The recent spate of resignations from eBay Inc. and its subsidiary PayPal Inc. is only a sign that those entities attract top talent and will continue to do so, according to an industry analyst.
Sam Shrauger, PayPal’s vice president of global product and experience and a key player in the integration of the company’s Bill Me Later service after its 2008 acquisition, resigned this week to join Yahoo Inc.’s commerce division after an 8-year stint with PayPal (see story). David Marcus, PayPal president, will replace Shrauger on an interim basis.
Shrauger’s exit follows the departures of five other eBay/PayPal executives this year, including Scott Thompson, PayPal’s president, who also joined Yahoo as CEO (see story).
The drain only highlights what other companies think of eBay and PayPal’s workforce and the quality of those in the ranks of eBay and PayPal who vie for the open spots, Gil Luria, senior vice president of equity research for financial technology for Wedbush Securities, tells PaymentsSource.
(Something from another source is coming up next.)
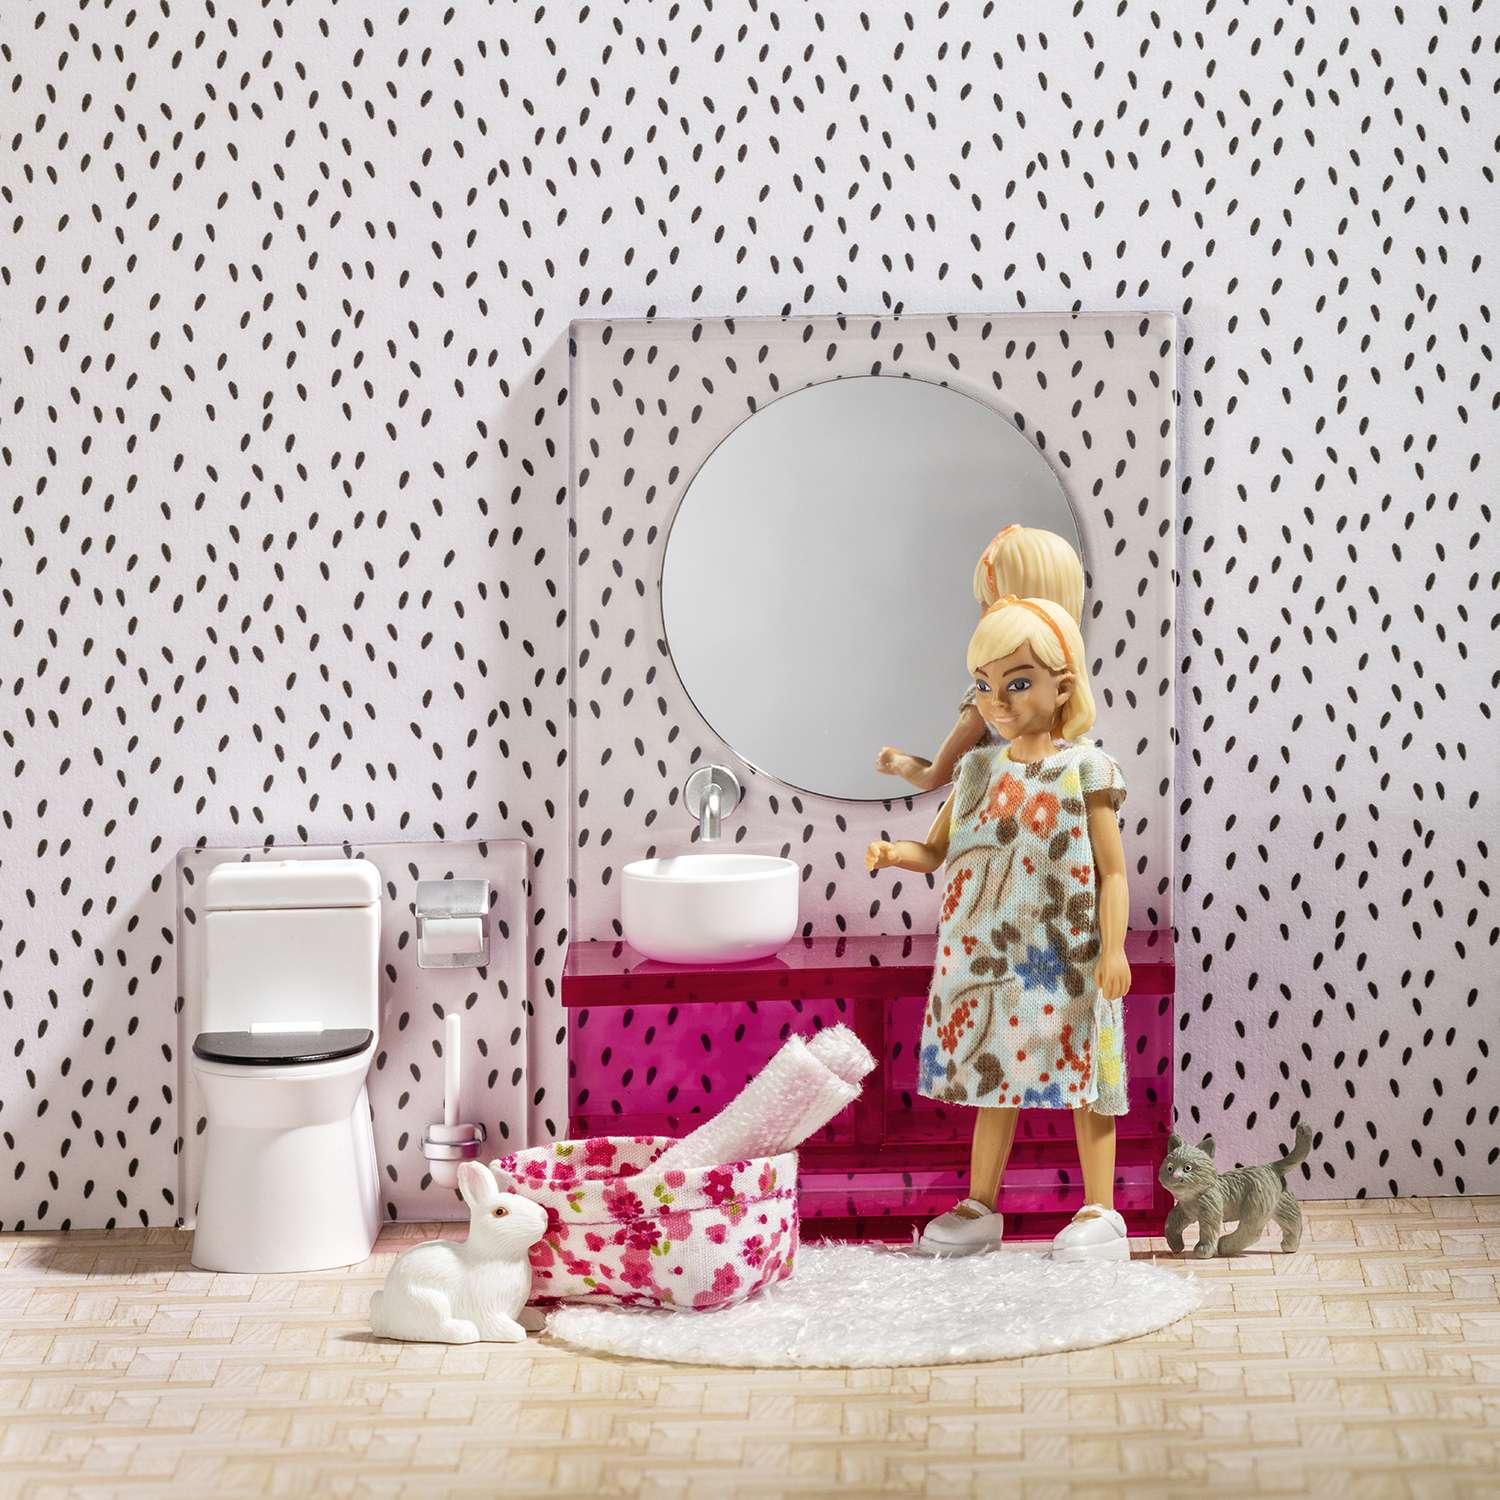 Обустройство ванной комнаты для кукол своими руками

“PayPal is one of the most-respected companies in Silicon Valley, so for a very long time it’s been a source for of new leaders for many other companies around Silicon Valley,” says Luria. “What we’ve seen in the last few weeks is a continuation of that.”
Despite the losses, PayPal has “a very deep bench,” and it should have many internal candidates to fill the holes left behind, he says.
“PayPal is going through one of the most exciting times in its history in terms of the transformation it’s going through and very ambitious agenda they have,” Luria says.
PayPal has acquired talent through traditional means but also with acquisitions, says Luria, citing Bill Me Later and mobile payments company Zong, which Marcus started.